To country fans, Faith Hill is a titan, an industry legend who dominated the charts in the late nineties and early 2000s, selling more than 40 million albums world wide.
Her reputation is only bolstered by her marriage to megastar Tim McGraw, and their doe-eyed, enduring romance has made them one of music’s power couples.
But Hill’s life didn’t spring from a similarly stable love. Her biological mother gave her up for adoption, a fact that her adoptive parents never tried to keep from her.
“I actually had a pretty amazing childhood,” she said once during an interview with CNN’s Larry King. “My family, my mom and my dad and my brothers, they are amazing.”
However, one thing was less than stellar about them.
Ted and Edna Perry, who would choose Hill as their own in 1967, had always told her that her mother had given her up for adoption because she’d been having an affair with a married man — an assertion that simply wasn’t true.
“I used to think there was some kind of conspiracy, that I must be the daughter of one of my aunts,” Hill said in an interview with Billboard. “And, of course, I used to dream I was Elvis’ daughter. …
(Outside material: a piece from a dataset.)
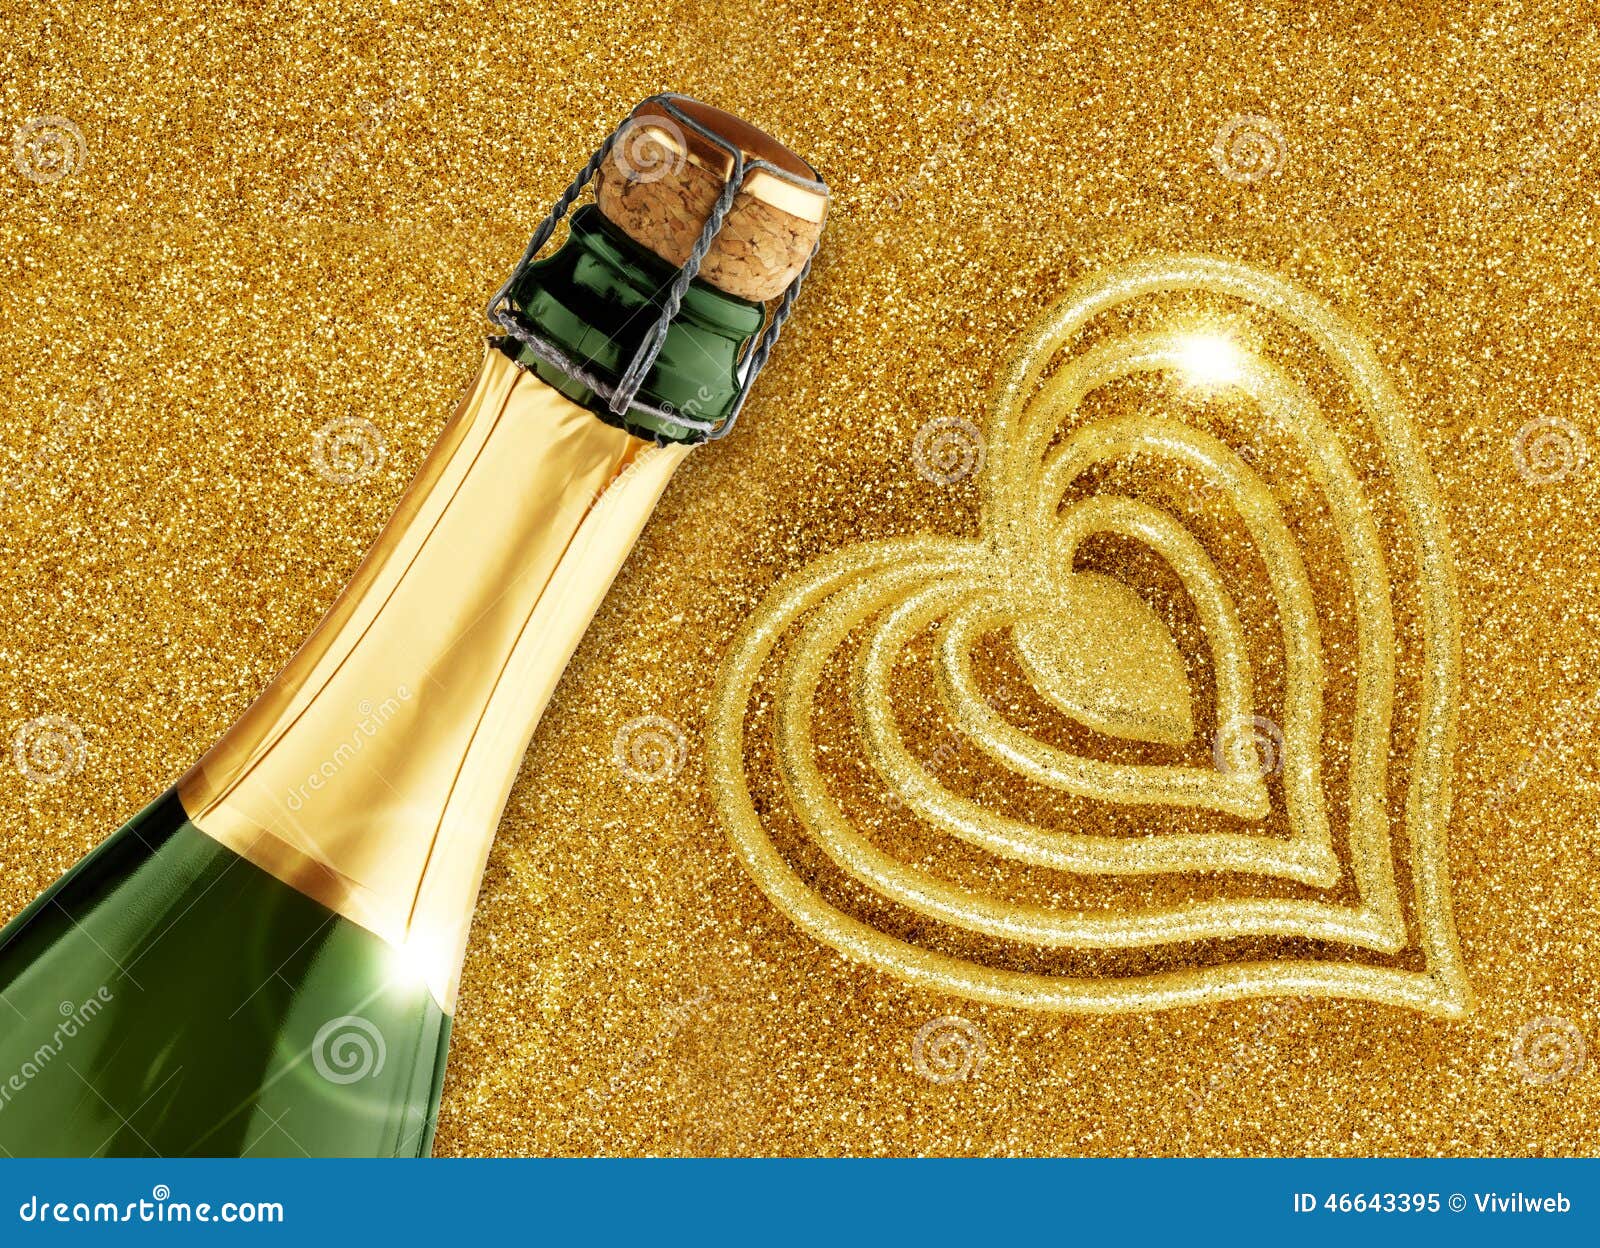 Champagne And Heart Shaped Decoration Stock Image Image Of Holiday Glitter 46643395

“I had a spirit that was completely outside what my family was. I didn’t know anyone I was related to, biologically, which gives you a sense of not knowing who you are.”
That lack of a sense of belonging led Hill on a pilgrimage in her early twenties to find her biological mother.
Eventually, she did locate one Paula Conway, and what she learned shocked her.
It turned out that Conway hadn’t played the homewrecker all those years ago. In fact, she eventually married Hill’s biological father and went on to have another child.
She would also discover that her mother was a painter.
That realization helped her come to terms with why a self-proclaimed “gypsy at heart” felt so out of place in a “salt of the earth, hardworking” family.
Hill has never offered a reason why her adoptive parents might’ve deceived her about her past. But she has learned to accept and love all of them, which is no mean feat.
“I can’t imagine the choice to do that [i.e., give someone up for adoption] and how thankful I am that [Paula Conway] was able to give me the opportunity that I had, because I was placed into an incredible home that, I mean, basically is responsible for the way I am today and the backbone that I have in order to do this for a living, which is a crazy, sometimes unstable world that this projects,” she said.
“But the most important thing to me is about my family and that was definitely taught from my mom and dad.”